Now I can play around with it and get a good understanding...

Cheers

Brad

while(<DATA>){
	s/(?:[\[\]]|'(?=[^\[]*\]))//xg;
	print;
}
__DATA__
"['1235','3234']","abcde","[1234]","['1235','3234']"
"'","abcde","[1235]","['1236','2234']"
"[1236]","['1237','1234']","","1234"
"'e'","[1237]","['1238','0234']",""
1 Like

Thanks Summer, I really should learn perl :slight_smile:

A bit more precise is

sed -e "s/'\([^']*\)'/\1/g" -e 's/"\[\([^]]*\)\]"/"\1"/g'

Maybe sufficient here.
But I admit that only a perl RE can achieve 100% correctness.

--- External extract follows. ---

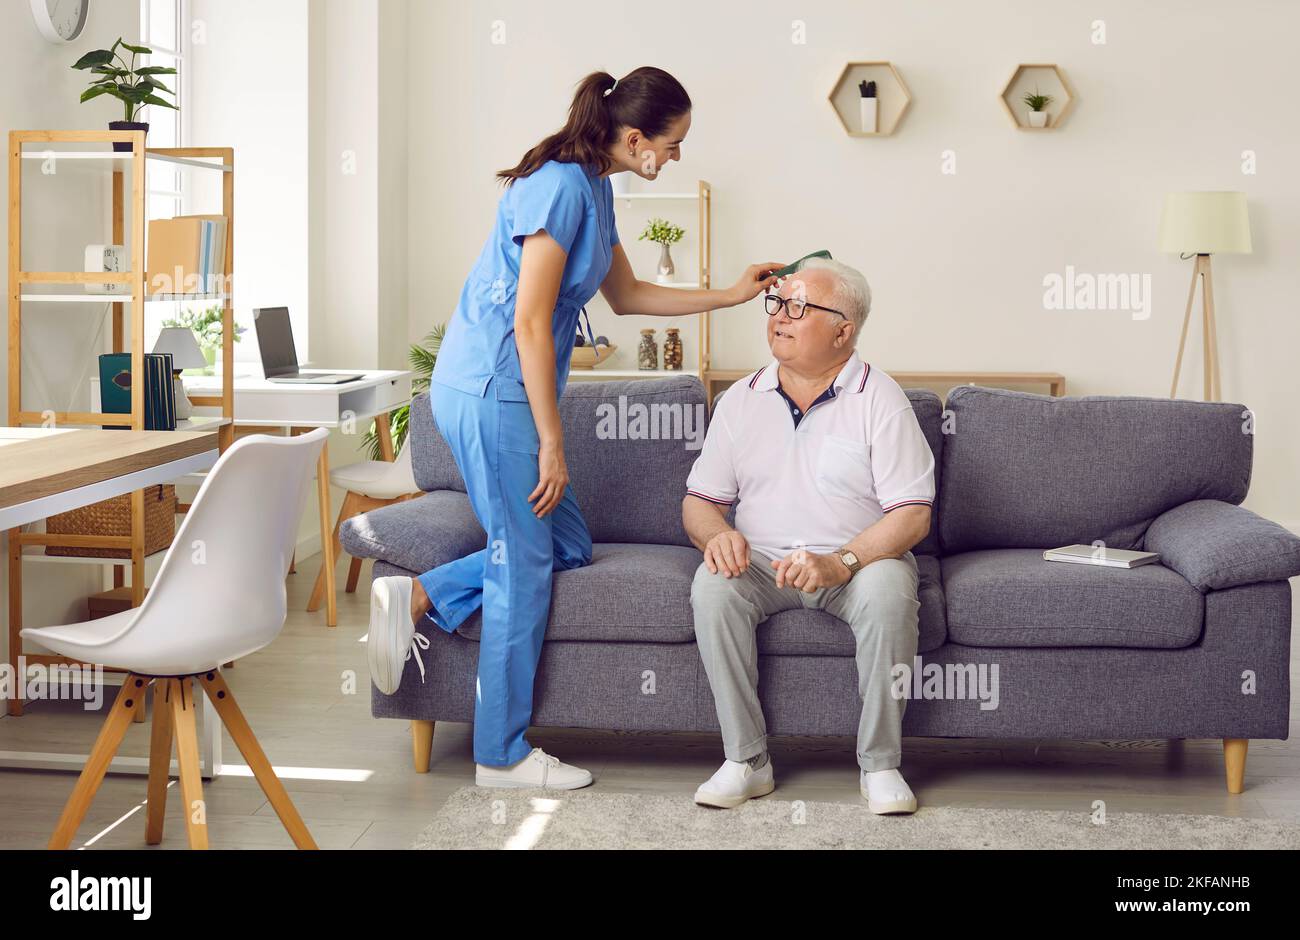 Freundliche junge Krankenschwester kämmt die Haare eines älteren Mannes, der im Pflegeheim auf dem Sofa sitzt. Stockfoto

Nice use of the non capturing group plus lookahead.
Works fine also over Python:

>>> text = """
... "['1235','3234']","abcde","[1234]","['1235','3234']"
... "'","abcde","[1235]","['1236','2234']"
... "[1236]","['1237','1234']","","1234"
... "'e'","[1237]","['1238','0234']",""
... """
>>> pat = """(?:[\[\]]|'(?=[^\[]*\]))"""
>>> print re.sub(pat,'',texto)

"1235,3234","abcde","1234","1235,3234"
"'","abcde","1235","1236,2234"
"1236","1237,1234","","1234"
"'e'","1237","1238,0234",""

After some fiddling around I settled for this variation on an earlier post -

#! /bin/bash

sed ':start
      /\['\''/{
    s/\['\''//
    s/'\'']//
    s/'\'','\''/,/
        b start
} 
:finally
      /\[/{
    s/\[//
    s/\]//
    b finally
} ' file

Input -

"['1235','3234']","abcde","[1234]","['1235','3234']"
"'","abcde","[1235]","['1236','2234']"
"[1236]","['1237','1234']","","1234"
"'e'","[1237]","['1238','0234']",""
"123","wer","123","''"

Output -

"1235,3234","abcde","1234","1235,3234"
"'","abcde","1235","1236,2234"
"1236","1237,1234","","1234"
"'e'","1237","1238,0234",""
"123","wer","123","''"

I use tr -d to remove characters. With sed, I never use -e, just single quotes around the entire script and if I need a single quote or expanded variable, I drop out of single to double and then right back, e.g. ' inside two ' is: ' " ' " ' or: ' \' ' (without the spaces) Single quotes let less happen.